Get started with RSI in just a few lines:

use vector_ta::indicators::rsi::{rsi, RsiInput, RsiParams};
use vector_ta::utilities::data_loader::{Candles, read_candles_from_csv};

// Using with a price slice
let prices = vec![100.0, 102.0, 101.0, 103.0, 104.5, 104.0];
let params = RsiParams { period: Some(14) }; // default is 14
let input = RsiInput::from_slice(&prices, params);
let result = rsi(&input)?;

// Using with Candles (defaults: period=14, source="close")
let candles: Candles = read_candles_from_csv("data/sample.csv")?;
let input = RsiInput::with_default_candles(&candles);
let result = rsi(&input)?;

// Access RSI values
for value in result.values {
    println!("RSI: {}", value);
}

API Reference

Input Methods
// From price slice
RsiInput::from_slice(&[f64], RsiParams) -> RsiInput

// From candles with custom source
RsiInput::from_candles(&Candles, &str, RsiParams) -> RsiInput

// From candles with default params (close, period=14)
RsiInput::with_default_candles(&Candles) -> RsiInput
Parameters Structure
pub struct RsiParams {
    pub period: Option<usize>, // Default: 14
}
Output Structure
pub struct RsiOutput {
    pub values: Vec<f64>, // RSI values (0..=100), warmup as NaN
}
Validation, Warmup & NaNs
  • period > 0 and period ≤ len(data); otherwise RsiError::InvalidPeriod.
  • If all inputs are NaN, returns RsiError::AllValuesNaN.
  • Must have at least period valid values after the first finite input; else RsiError::NotEnoughValidData.
  • Warmup: indices before first + period are NaN; the first non-NaN is at first + period.
  • If AvgGain + AvgLoss == 0 at any step, RSI is 50.0.
  • rsi_into_slice requires dst.len() == data.len(), otherwise RsiError::LengthMismatch.
  • Batch requires a batch kernel; otherwise RsiError::UnsupportedKernel.
Error Handling
use vector_ta::indicators::rsi::RsiError;

match rsi(&input) {
    Ok(output) => process(output.values),
    Err(RsiError::EmptyInputData) => println!("Input data is empty"),
    Err(RsiError::AllValuesNaN) => println!("All input values are NaN"),
    Err(RsiError::InvalidPeriod { period, data_len }) =>
        println!("Invalid period {} for length {}", period, data_len),
    Err(RsiError::NotEnoughValidData { needed, valid }) =>
        println!("Need {} valid points, only {}", needed, valid),
    Err(RsiError::LengthMismatch { dst, src }) =>
        println!("Destination len {} != source len {}", dst, src),
    Err(RsiError::UnsupportedKernel) => println!("Unsupported kernel for batch operation"),
}

Python Bindings

Basic Usage

Calculate RSI using NumPy arrays (default period=14):

import numpy as np
from vector_ta import rsi

prices = np.array([100.0, 102.0, 101.0, 103.0, 104.5])

# Default period (14)
values = rsi(prices, period=14)

# Select kernel ("auto", "scalar", "avx2", "avx512") if available on your platform
values = rsi(prices, period=14, kernel="auto")

print(values)
Streaming Real-time Updates
from vector_ta import RsiStream

stream = RsiStream(period=14)
for price in price_feed:
    rsi_value = stream.update(price)
    if rsi_value is not None:
        print("RSI:", rsi_value)
Batch Parameter Optimization

Test multiple period values efficiently:

import numpy as np
from vector_ta import rsi_batch

prices = np.array([...], dtype=float)

# Define (start, end, step)
period_range = (5, 30, 5)  # 5, 10, 15, 20, 25, 30

results = rsi_batch(prices, period_range, kernel="auto")
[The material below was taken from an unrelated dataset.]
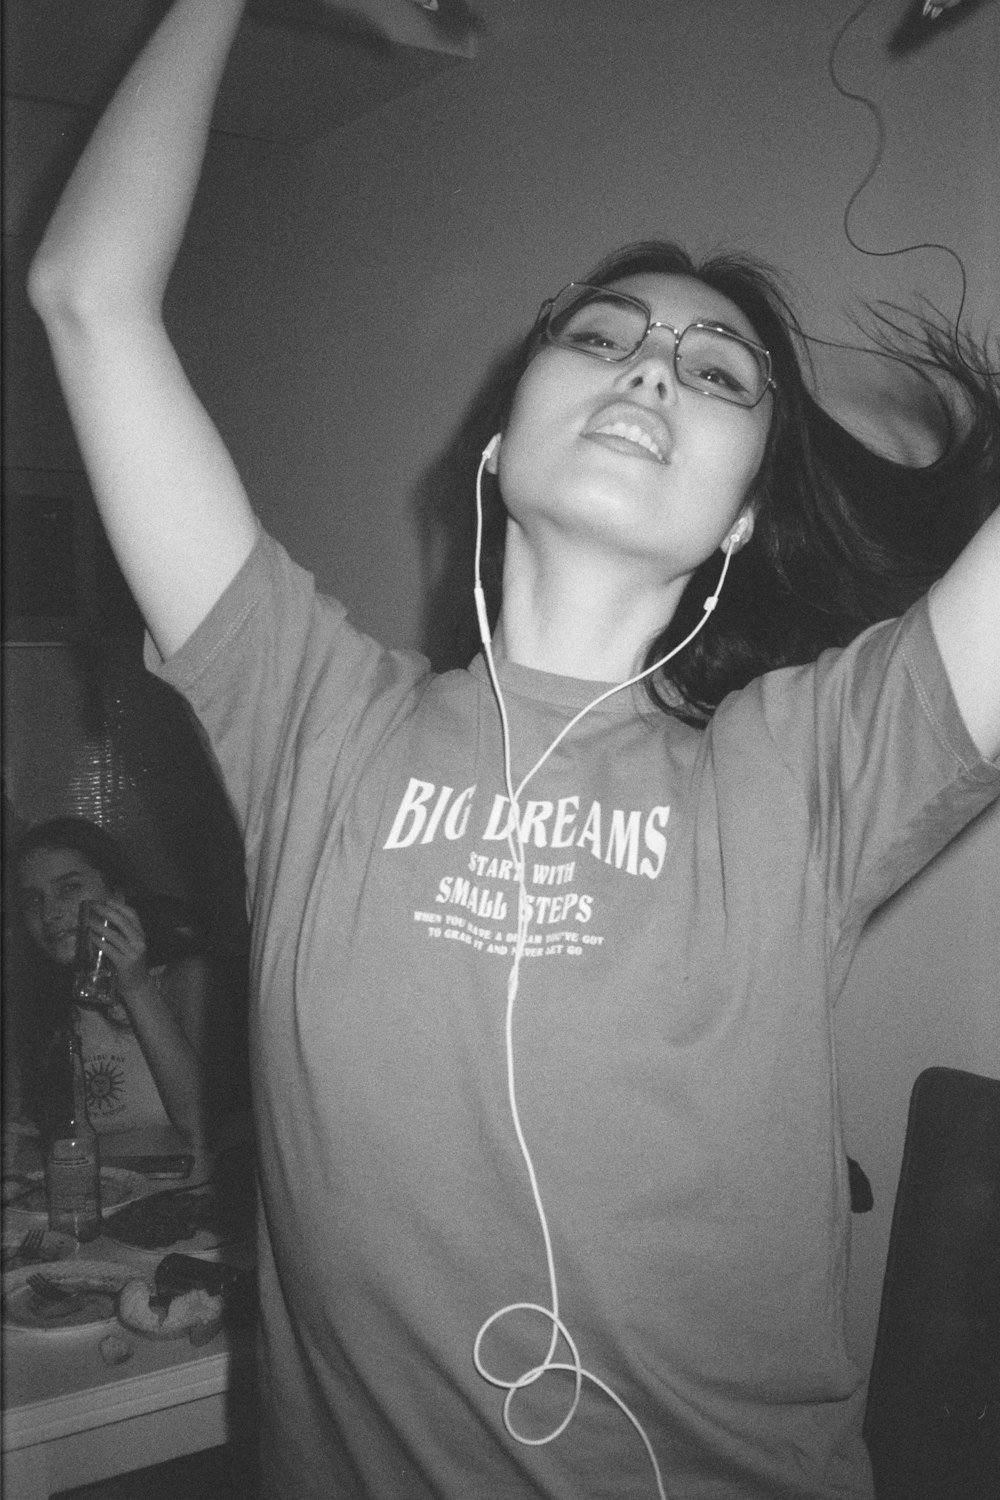 a woman wearing headphones and a big dreams t - shirt

print(results["values"].shape)  # (num_periods, len(prices))
print(results["periods"])       # array of tested periods
CUDA Acceleration

CUDA helpers are available when the Python package is built with CUDA support. Inputs must be float32; outputs are device arrays (DLPack / __cuda_array_interface__ compatible).

import numpy as np
from vector_ta import rsi_cuda_batch_dev, rsi_cuda_many_series_one_param_dev

# One series (float32)
data_f32 = np.asarray(load_data(), dtype=np.float32)

dev = rsi_cuda_batch_dev(
    data_f32=data_f32,
    period_range=(5, 30, 5),
    device_id=0,
)

# Many series (time-major)
data_tm_f32 = np.asarray(load_data_time_major_matrix(), dtype=np.float32)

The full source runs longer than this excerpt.